I just received my ultrafire wf-1000 cree mc-e from dx. Guess what. DOA. Click...a few light taps.....nothing. I don't want to jostle it to much. Batteries are good. Any suggestions. Could it be the clicky? A contact somewhere? Thanks. I have already done a google search to no avail. I am just starting out so my experience is novice. Any help would be greatly appreciated.


----------



## kramer5150 (Dec 30, 2008)

remove the tailcap and directly connect the body tube metal with the battery "-" terminal with some bare wire. If it lights up your switch cap is bad. If you get no light then something else besides the switch/cap is questionable.

use a multi meter and check the switch cap for continuity. I had to use needle nose pliers and tighten my switch cap a little. Since then its been fine.

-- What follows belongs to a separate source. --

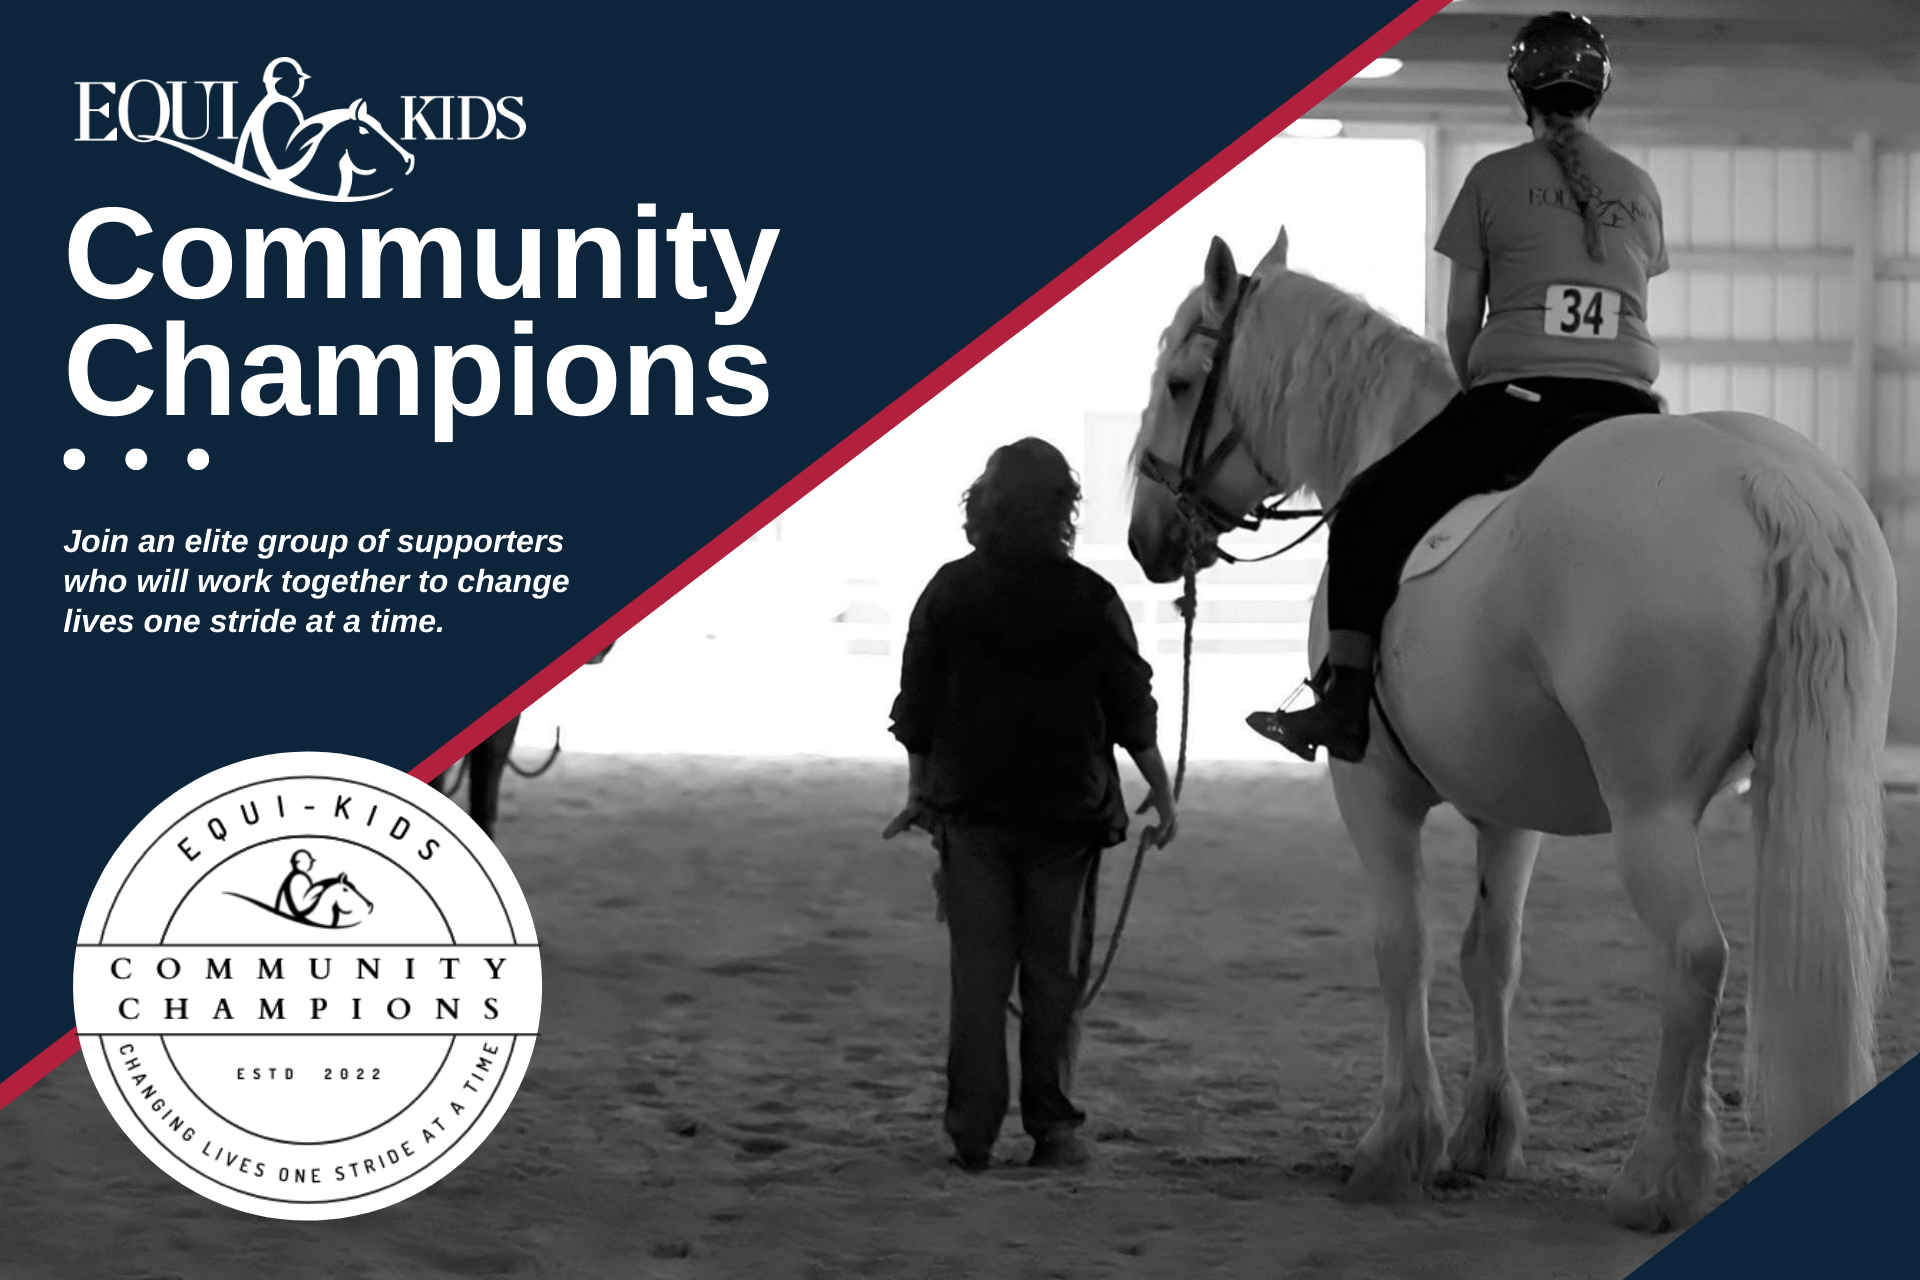 EQUI-KIDS Community Champions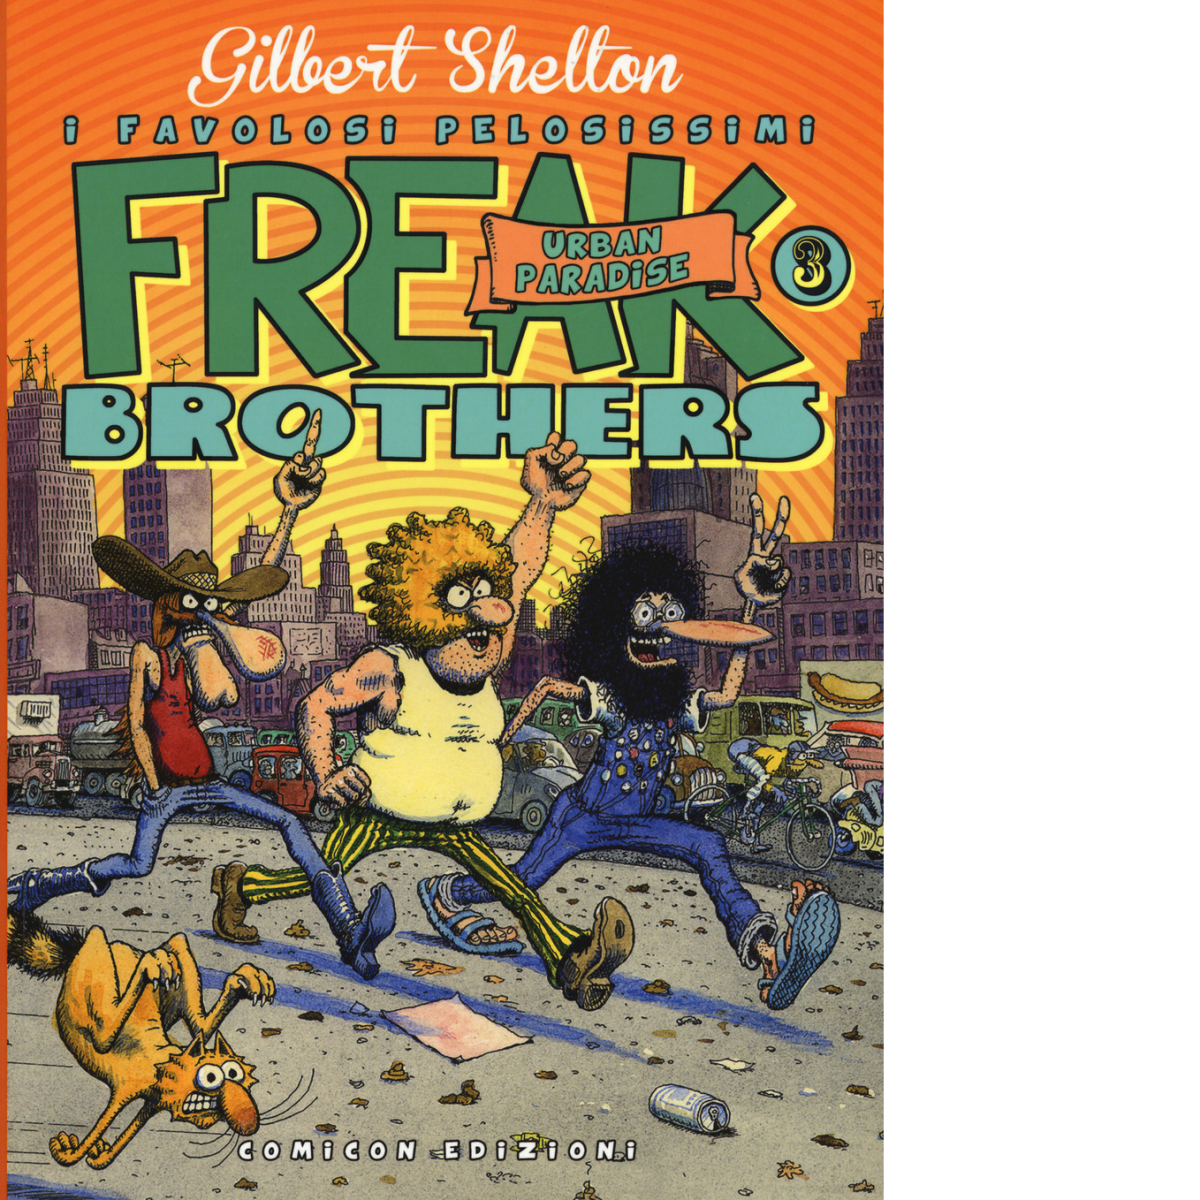 Freak brothers VOL.3 - Gilbert Shelton, Dave Sheridan - Comicon, 2019

If that doesn't work try cleaning all the contact points and body tube metal with isopropyl alcohol.

You should pursue an RMA with DX. Their Customer Service Express is slow but it does work, upload pics of the defective merchandise, ship it via USPS with confirmation number to the provided address... and follow the remaining procedure. DX came through for me recently when they shipped a wrong item, it took an extra ~20 days though.


----------



## js-lots (Dec 31, 2008)

thankyou for your response. I tried your suggestion but to no avail. When the battery connected directly to the tubing didnt work I figured the problem to be more serious. I have already contacted dx and am awaiting their response. As you know, they take forever. I am still waiting for a different flashlight from them so I will keep my fingers crossed. Could the problem be caused by the heatsink not making contact with the body? The heatsink does seem a little small in relation to the tube. Will wrapping tin foil around the heatsink help? Thankyou


----------



## js-lots (Dec 31, 2008)

well, wrapping tinfoil around the heatsink did it. It is now a functioning flashlight. It took a little work, and the metal on these flashlights seem cheap. Especially the threads. The funny thing is it is working, however the tail cap mode seems to be, High, High off. The flashlight is comparatively the same brightness as my mte ssc- p7. More of a hotspot though and not the same amount of spill. Thanks for your suggestions. One last question, can I use something else in replace of the tinfoil to get that conductive seal I require. thanks, Ken


----------



## richardcpf (Dec 31, 2008)

Use solder instead of foil to make contact.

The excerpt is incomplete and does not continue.